We agree with this statement. There is no indication that the lease must extend beyond the period for which legislative appropriations are made, nor is it overly restrictive upon the state. On the contrary, the lease, by its expressed terms, provides that the state shall have the right to terminate the lease.

We have already determined that the state exercised its right under the lease and, in doing so, there was no impairment of the parties’ right to contract. Therefore, the trial court’s order, finding the lease in question void as against public policy, is reversed. Appellees cite Fort Worth Cavalry Club v. Sheppard, 125 Tex. 339, 83 S.W.2d 660 (1935), in support of the conclusion that the lease herein is against public policy. That case can be distinguished on the basis of differing provisions of Texas law from ours, and does not persuade us to find the lease unenforceable or against public policy in the instant case.

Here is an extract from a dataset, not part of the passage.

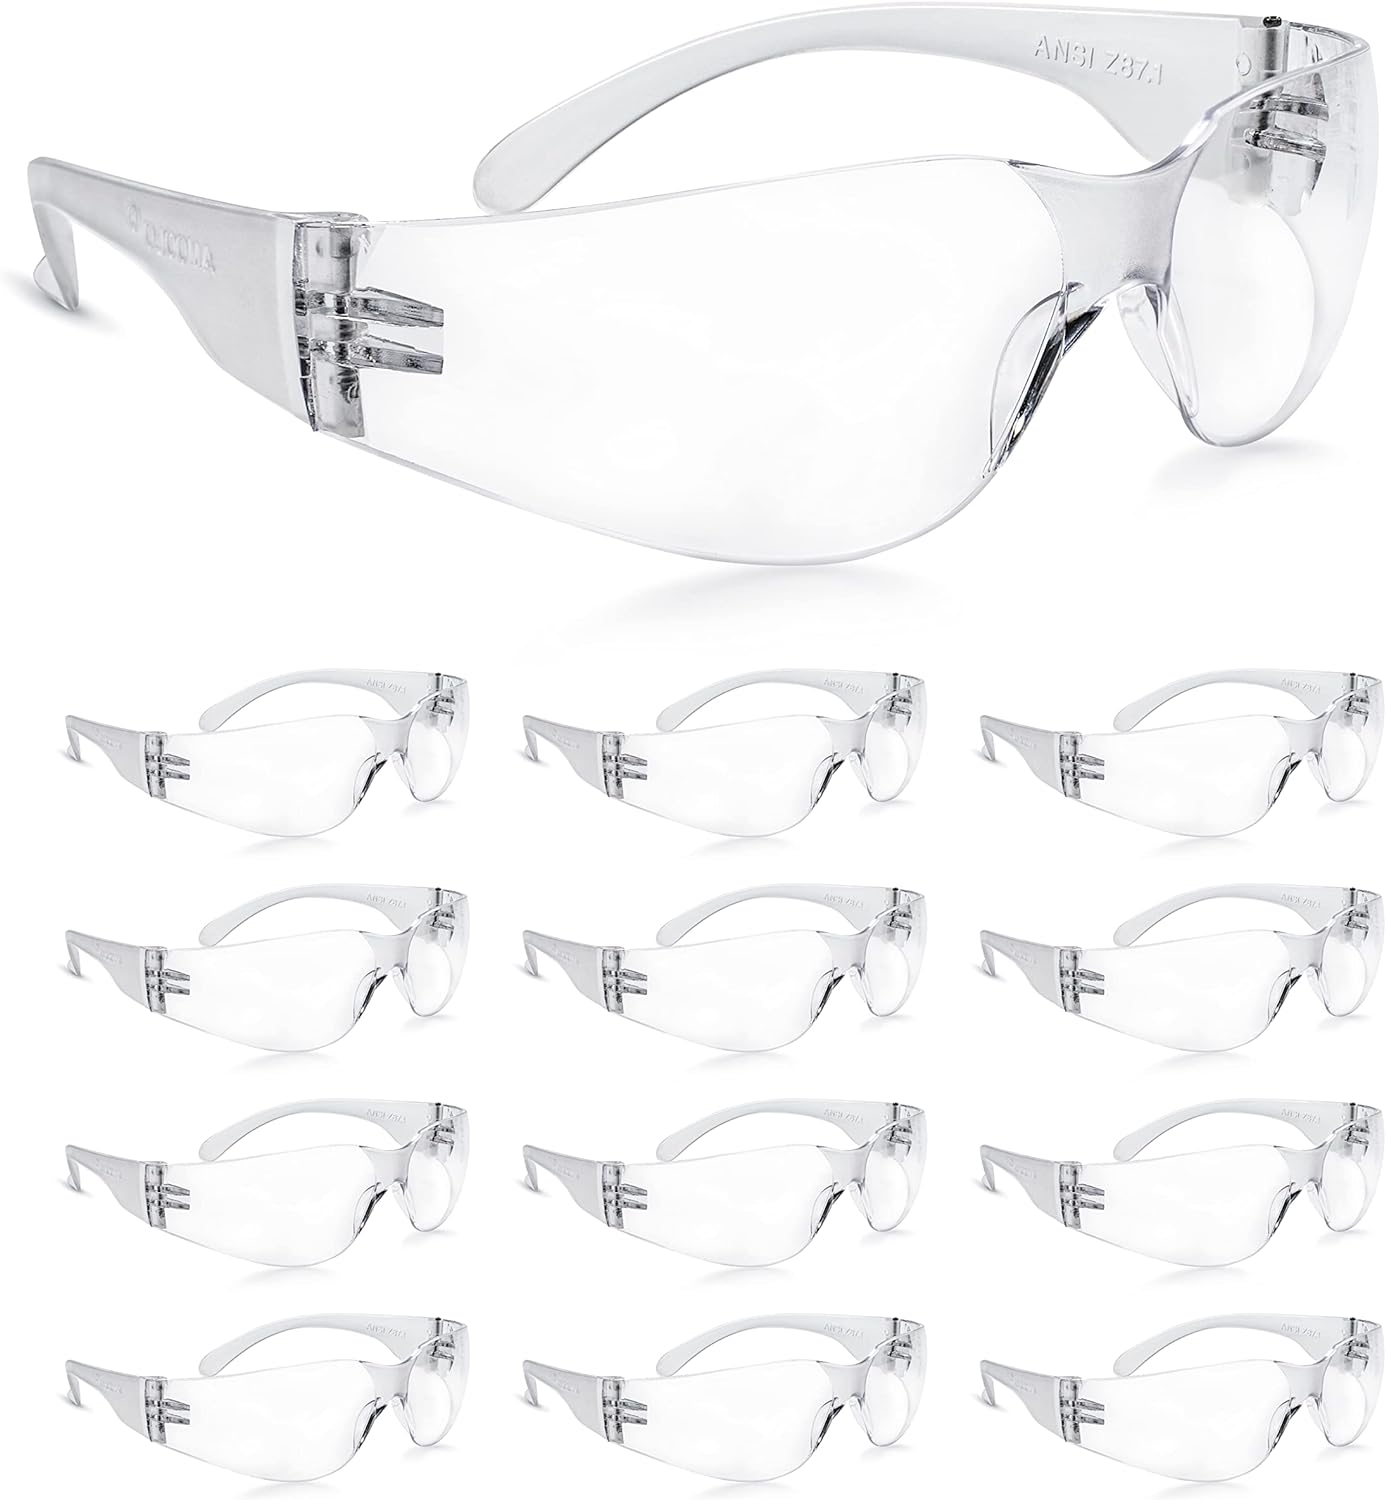 z87 safety glasses

Having held that the appellees had the right to terminate the lease, pursuant to the directive contained in the general appropriations act, the remaining obligations of the parties herein need to be determined. The provision of the lease specifying the manner in which it may be terminated states in part that:

* * * Lessee [State of New Mexico] shall have the right to terminate this lease upon sixty days notice in writing by Lessee to the Lessor, prior to the end of any state fiscal biennium, which termination date may not take effect sooner than the end of the first state fiscal biennium following the commencement of this lease.”

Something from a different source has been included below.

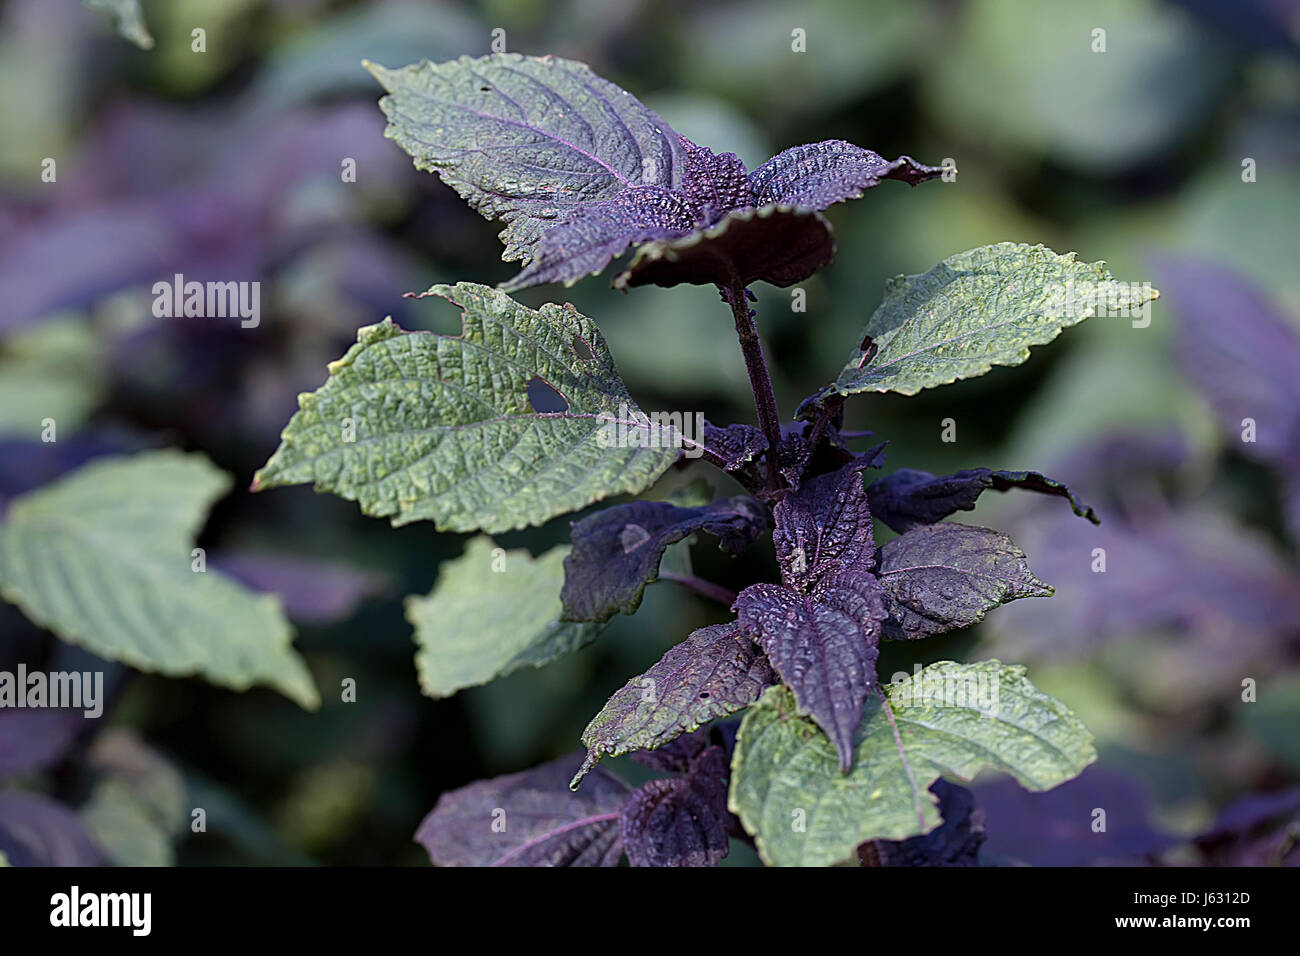 leaves homeopathy herb medicinal plant melissa herbs macro close-up macro Stock Photo
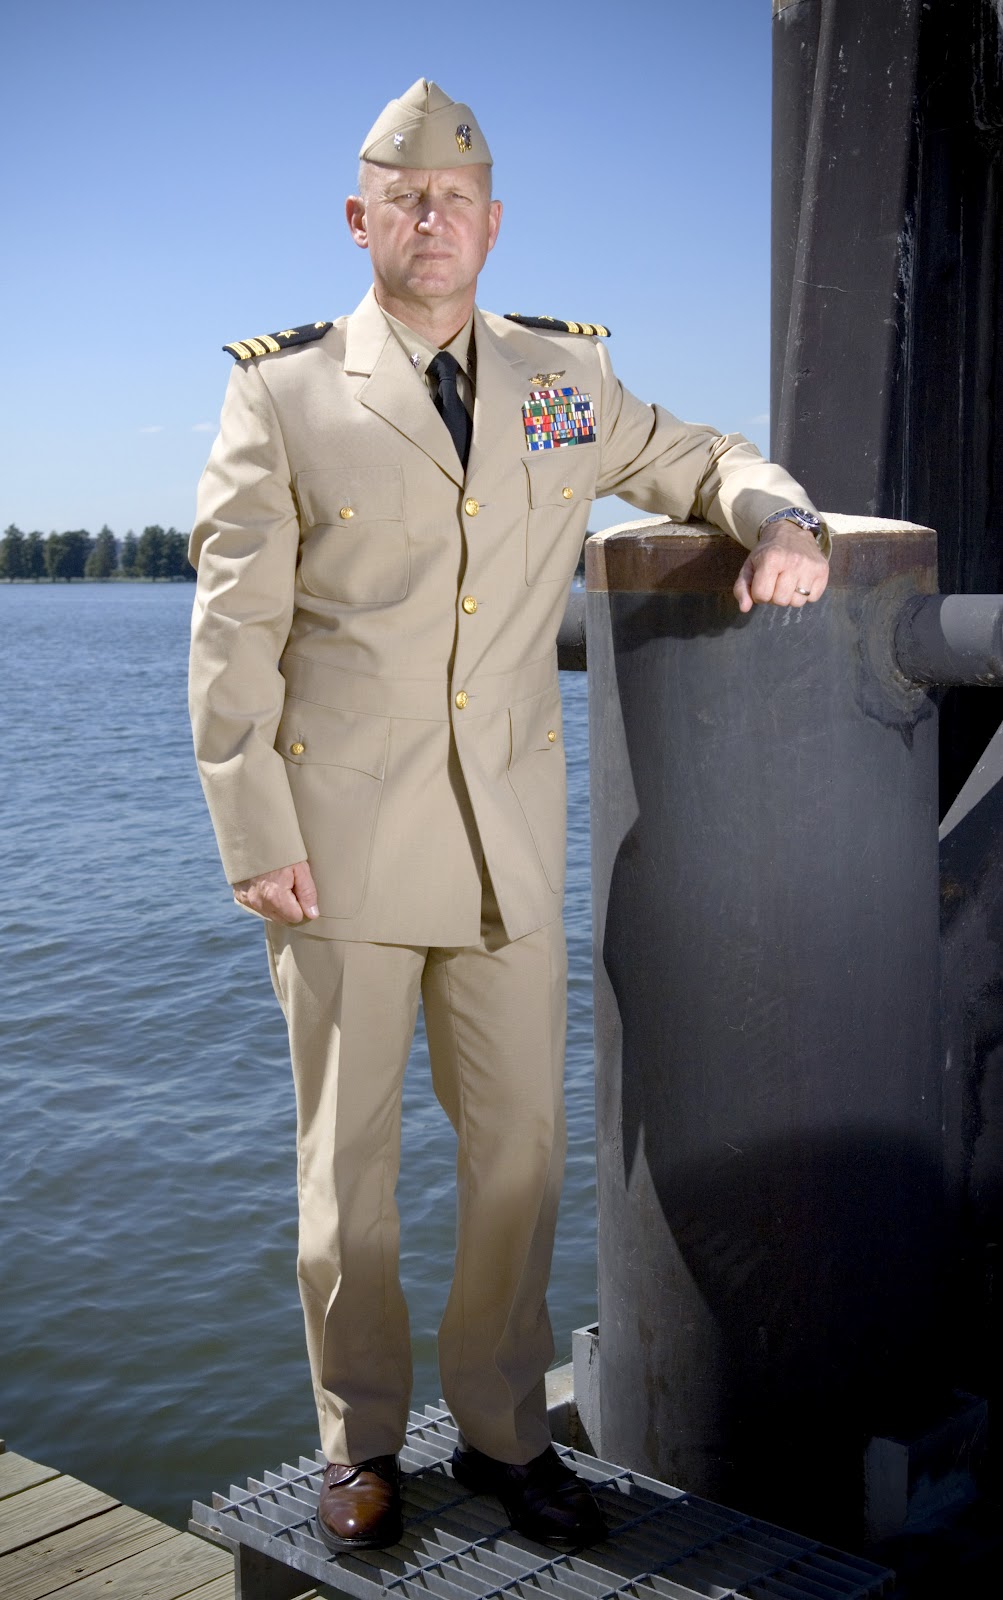 Captain D Uniform

The lease provided that it shall commence on September 15, 1966. It is alleged that appellees vacated the leased premises on October 31, 1971. The trial court made no finding concerning this date, nor did the court make a finding concerning the 60-day-written notice, or of any other terms of the contract concerning the termination procedure, which it naturally would not do having concluded that the lease violated the public policy of the State and was, therefore, unenforceable.

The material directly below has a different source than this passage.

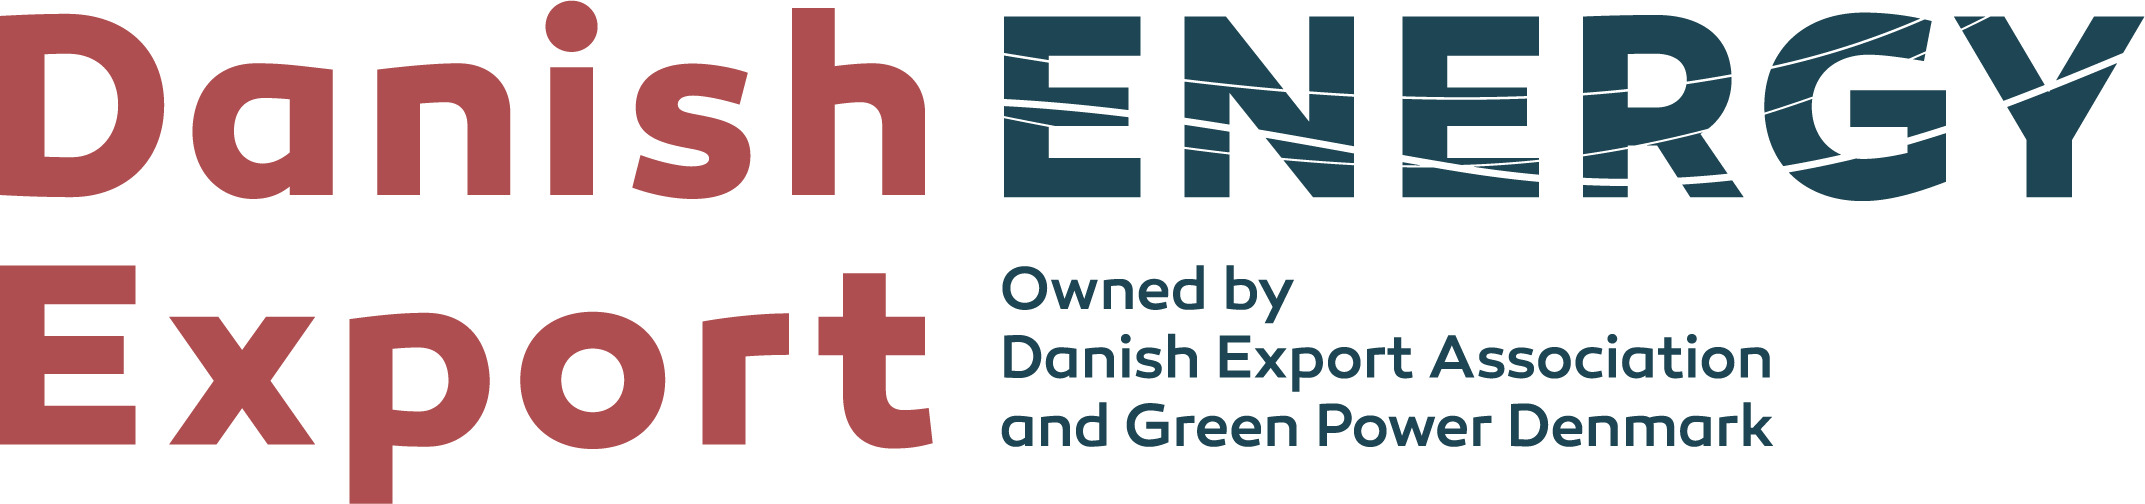 Danish Energy Export

Such determination involves questions of fact and since the present posture of this case is an appeal from an order granting summary judgment, those questions can only be answered by remanding the cause to the trial court to make findings on such matters.

This cause is reversed and remanded to the district court to hear evidence, if necessary, make appropriate findings, and proceed in a manner consistent with the view expressed herein.

It is so ordered.

McMANUS, C. J., and OMAN, J., concur.